Ghana's forward and captain Asamoah Gyan celebrates after scoring a goal during the Group G football match between Portugal and Ghana at the Mane Garrincha National Stadium in Brasilia during the 2014 FIFA World Cup on June 26, 2014. AFP PHOTO / EVARISTO SA (Photo credit should read EVARISTO SA/AFP via Getty Images)
At Qatar 2022, Ghana will appear at a fourth Fifa World Cup, hoping for more good memories on a stage where they’ve had lots of fun in the past.
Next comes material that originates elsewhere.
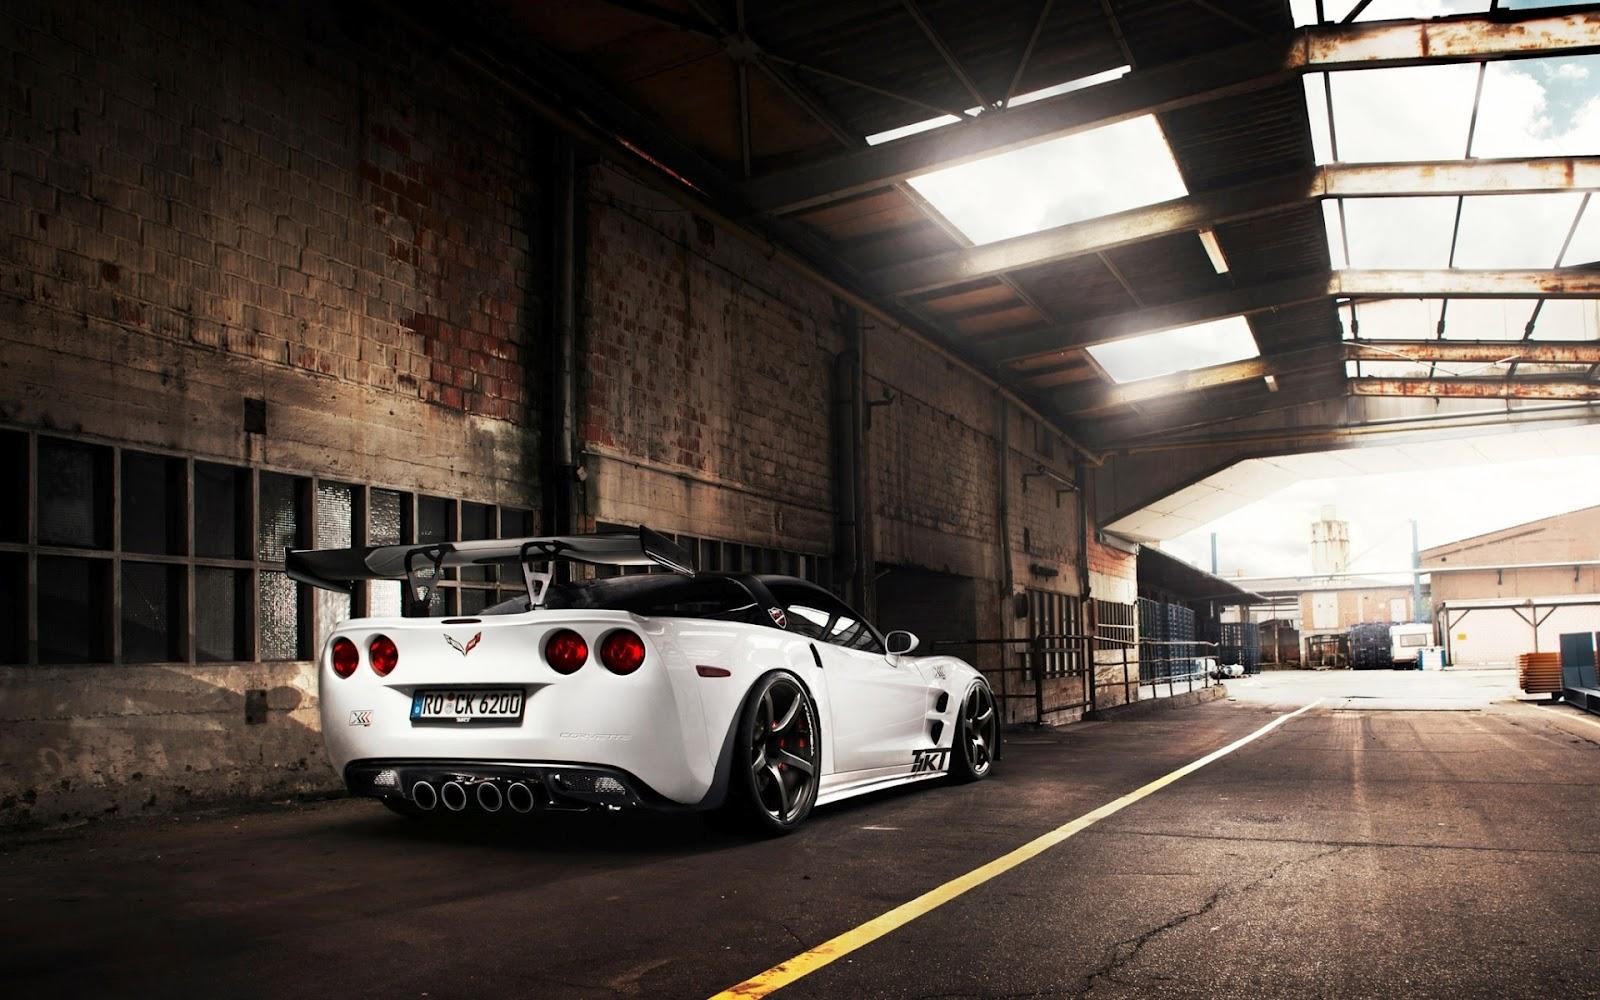 http://1.bp.blogspot.com/-P8cyCjc1DiM/T6nNs0eTjEI/AAAAAAAAcZY/WP0lkSpeDHY/s1600/Chevrolet-Corvette-ZR1-White_Wallpapers.jpg

Ahead of their November 24 kick-off against Portugal at the futuristic Stadium 974 in Doha, Ink & Kicks reviews the 13 goals already in the Black Stars’ World Cup account.
Today, we’re on Goal #13…
“My teammates trusted me,” Asamoah Gyan, reflecting on a truly memorable international career, said on TV recently.
“When you are in a team where your teammates trust you, it makes things easier.”
That relationship, according to Gyan, was particularly fruitful with one colleague.
“Although Kwadwo Asamoah was playing behind me, the communication was there… he knew every movement I was making.”
The 2010 Africa Cup of Nations, especially, provided notable instances of how well that chemistry worked, with Asamoah furnishing Gyan with brilliant assists for a couple of decisive goals at that tournament.
Four years later, that connection waxed strong.
Ghana had conceded first in their first two group games at the 2014 Fifa World Cup – salvaging a total of just one point from those losing positions – and, in their third, the Black Stars didn’t look like kicking the habit.
They continued on that path, when defender John Boye deflected a Portuguese cross past his own goalkeeper, Fatawu Dauda, in the first half.
Ghana, once more, had a game to chase – never mind a game to win, to have any chance of advancing to the next round – and it wasn’t until after the break that they finally pulled level.
Unsurprisingly, it was Gyan who came up with that hope-inspiring, confidence-reviving strike which made him the top-scoring African in World Cup history, outright, on six goals.
But if Gyan’s finish was seemingly simple – and maybe, being a close-range header, it was – the assist that made it possible required far more thought and effort; a true work of art from Kwadwo, his namesake.
The skipper did his bit by skipping into space, as the other Asamoah served the most delicious trivela — in a stadium named in honour of Mane Garrincha, one of the most skillful players ever to touch a football — to take out the entire Portuguese backline and dish out the chance on a plate.
It’s another great piece of skill that dissolved in defeat – much like Gyan’s own sublime touch to set up Andre Ayew in the opening loss to the USA days earlier – courtesy of Cristiano Ronaldo’s winner that saw Ghana exit under a dark cloud (Portugal themselves ended the game eliminated, too, even if that knowledge hardly consoled Ghanaians).
Asamoah’s outside-of-the-foot pass would be reduced to a mere footnote, but like all true gems, it eventually resurfaced, years later, when comparisons were drawn on social media with Real Madrid star Luka Modric’s wonder of a trivela against Chelsea in the Uefa Champions League last season.
Gyan, of course, had his say; no prizes for guessing which, of the two, he favoured.